Data scientists have been complaining about data preparation (data collection –> data understanding –> data cleaning –> data enrichment –> data integration –> feature engineering) for many years. Although some efforts have been devoted to solving this problem, a recent survey released by Anaconda in 2020 shows that it is still the case that “Data preparation and cleansing takes valuable time away from real data science work and has a negative impact on overall job satisfaction.” Most recently, Andrew Ng urged the AI community to shift from Model-Centric toward Data-Centric AI development.
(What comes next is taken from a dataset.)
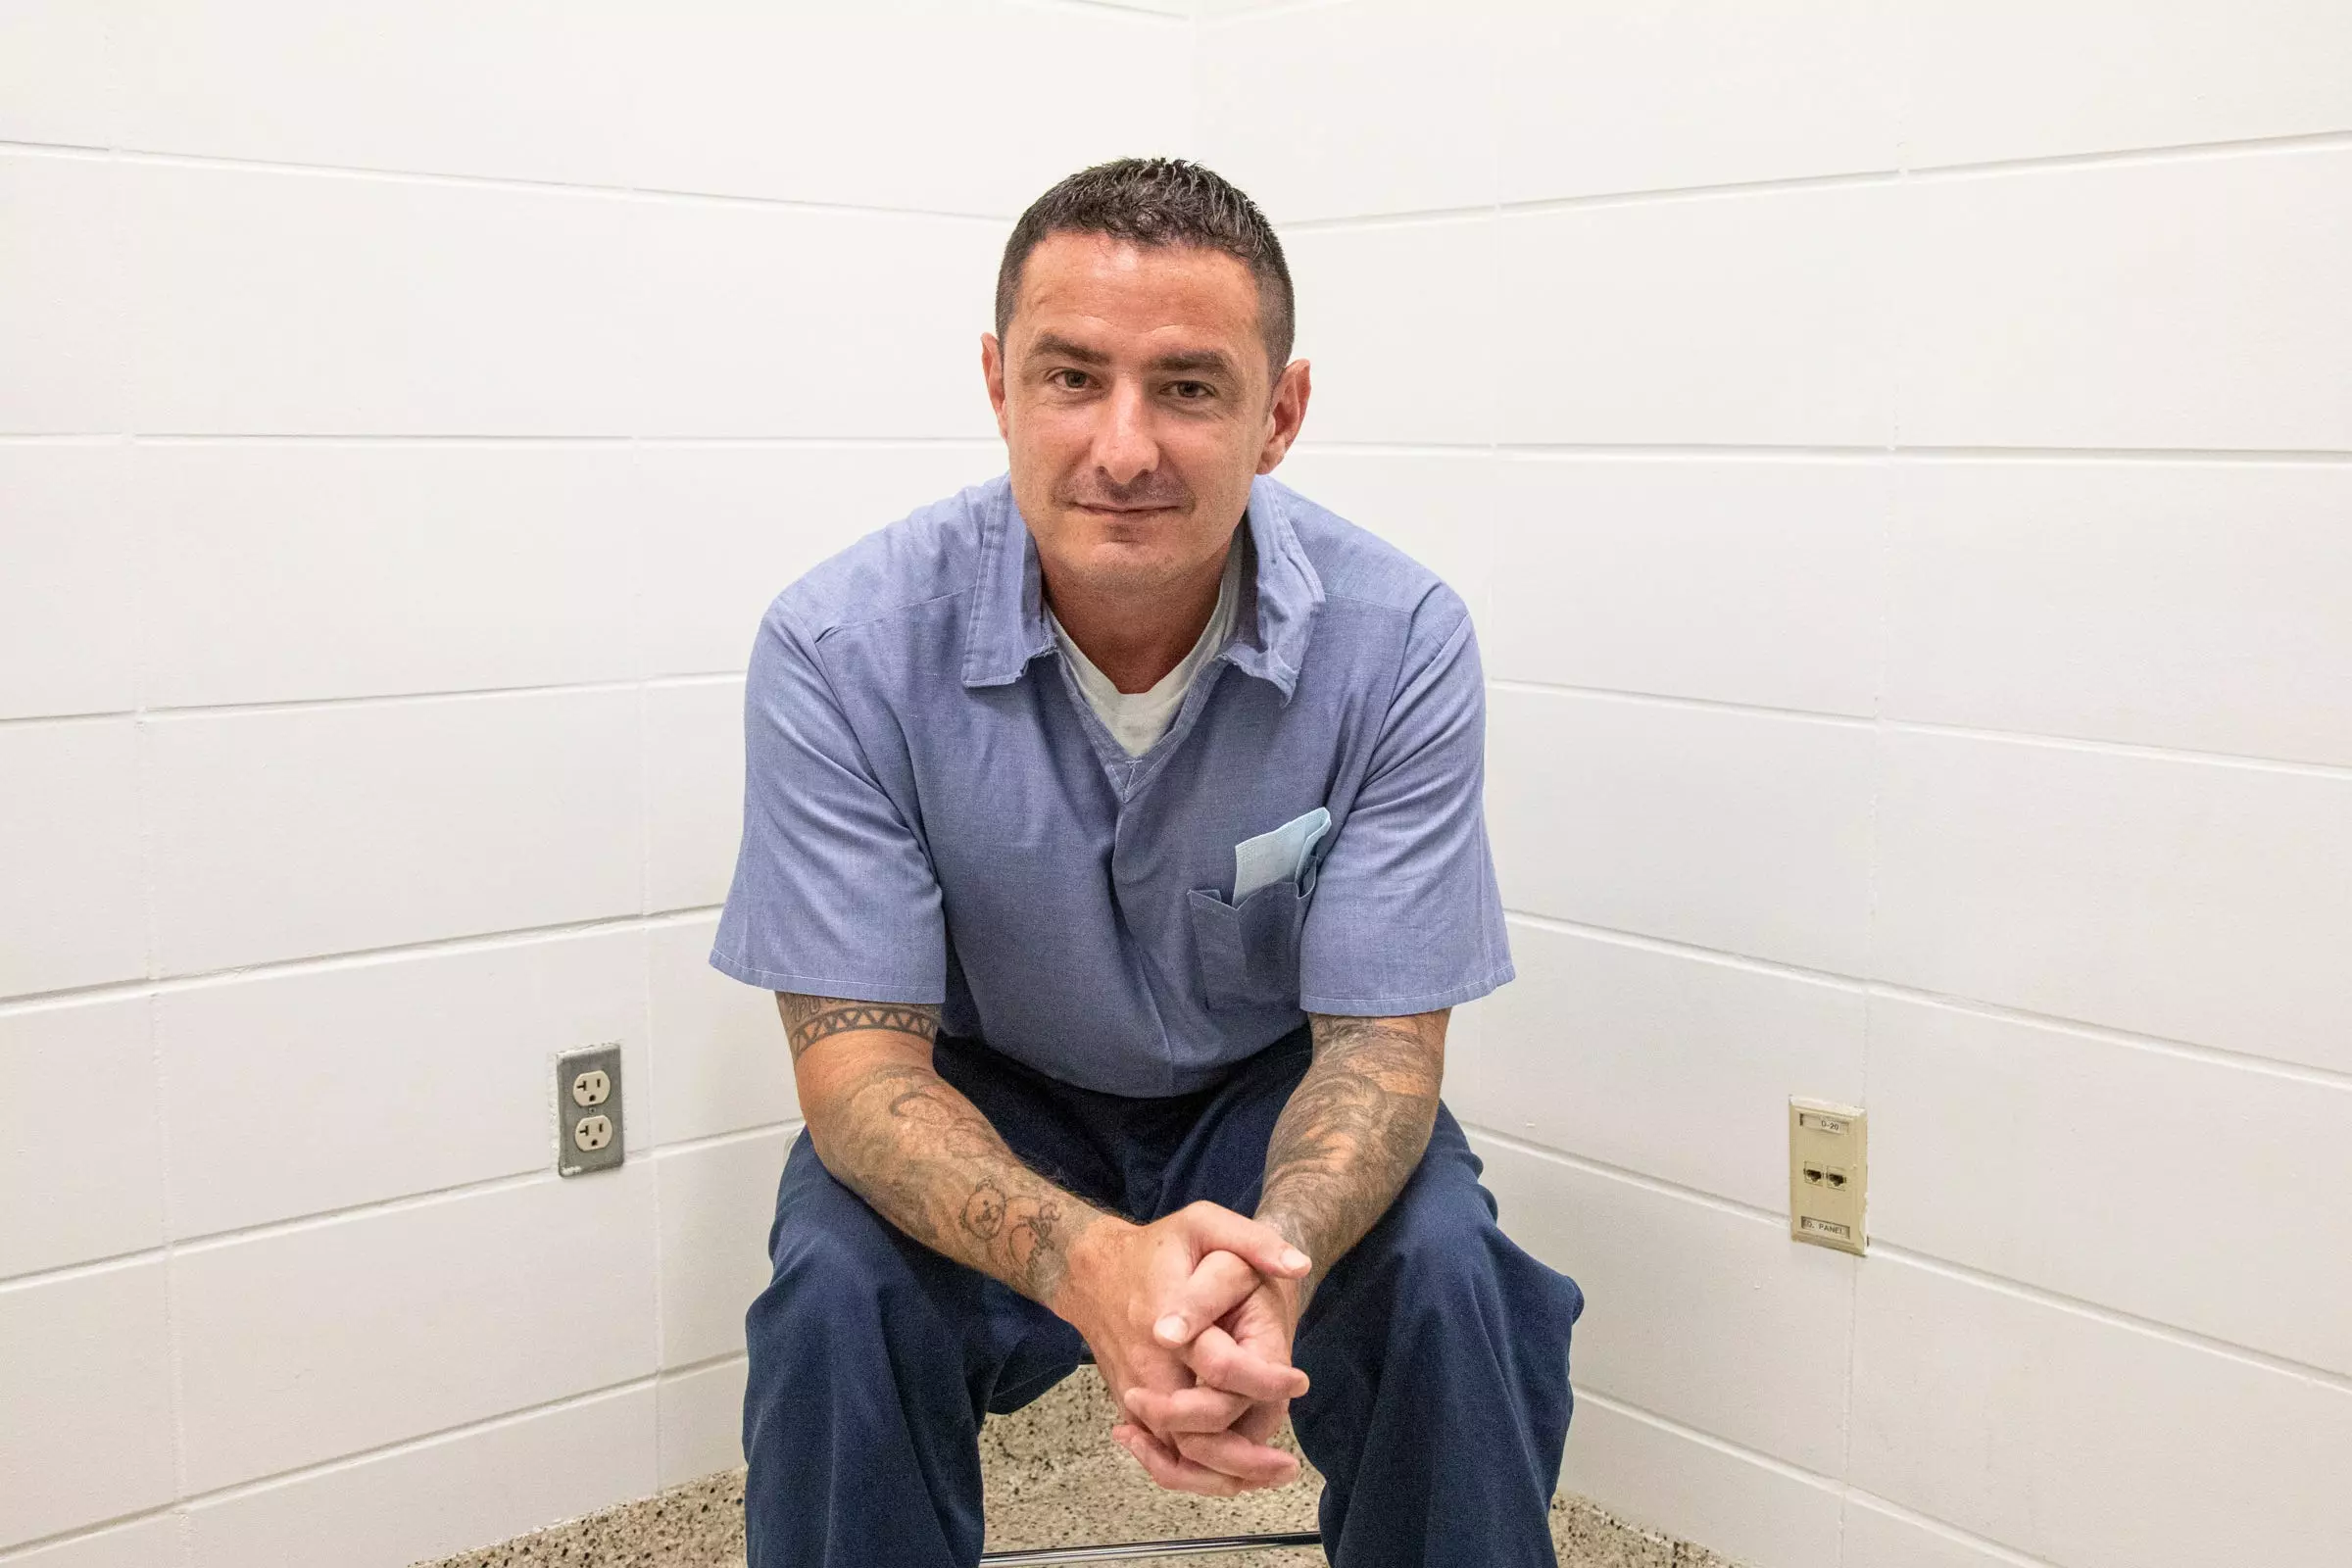 Robert Sheets doesn’t feel like he is being given a fair chance after the board denied his parole request last fall. Sheets, along with Robert Daniel II and Eloise Sheets, was incarcerated after the killing of Abby Worrell and Jamie Kelley nearly 30 years ago.

In this talk, I will start by answering two fundamental questions: i) what makes data preparation hard? ii) why has this problem not been solved? Then, I will present DataPrep (http://dataprep.ai), a fast and easy-to-use python library to address these challenges. The DataPrep library currently contains three components: a data connector component to simplify and accelerate data collection, an exploratory data analysis (EDA) component to enable fast data understanding, and a data cleaning component to clean and standardize data. I will describe their novel design and demonstrate how they can significantly save data scientists’ time. In the end, I will share some lessons and experiences that I learned about open-source software development.

Speaker bio:

Jiannan Wang (https://www.cs.sfu.ca/~jnwang) is an Associate Professor and the Director of the Professional Master’s Program in the School of Computing Science at Simon Fraser University. Prior to that, he was a postdoc in the AMPLab at UC Berkeley. He obtained his Ph.D. from Tsinghua University. He has over ten years’ research experience in data preparation. His research contributions won him the VLDB Best Experiments, Analysis & Benchmark Paper Award (2021), a CS-Can/Info-Can Outstanding Early Career Researcher Award (2020), an IEEE TCDE Rising Star Award (2018), an ACM SIGMOD Best Demonstration Award (2016), a Distinguished Dissertation Award from the China Computer Federation (2013), and a Google Ph.D. Fellowship (2011). He is a General Co-chair for VLDB 2023, a Ph.D. Symposium Track Chair for ICDE 2022, an Associate Editor for VLDB 2021, and a core PC member for SIGMOD 2019.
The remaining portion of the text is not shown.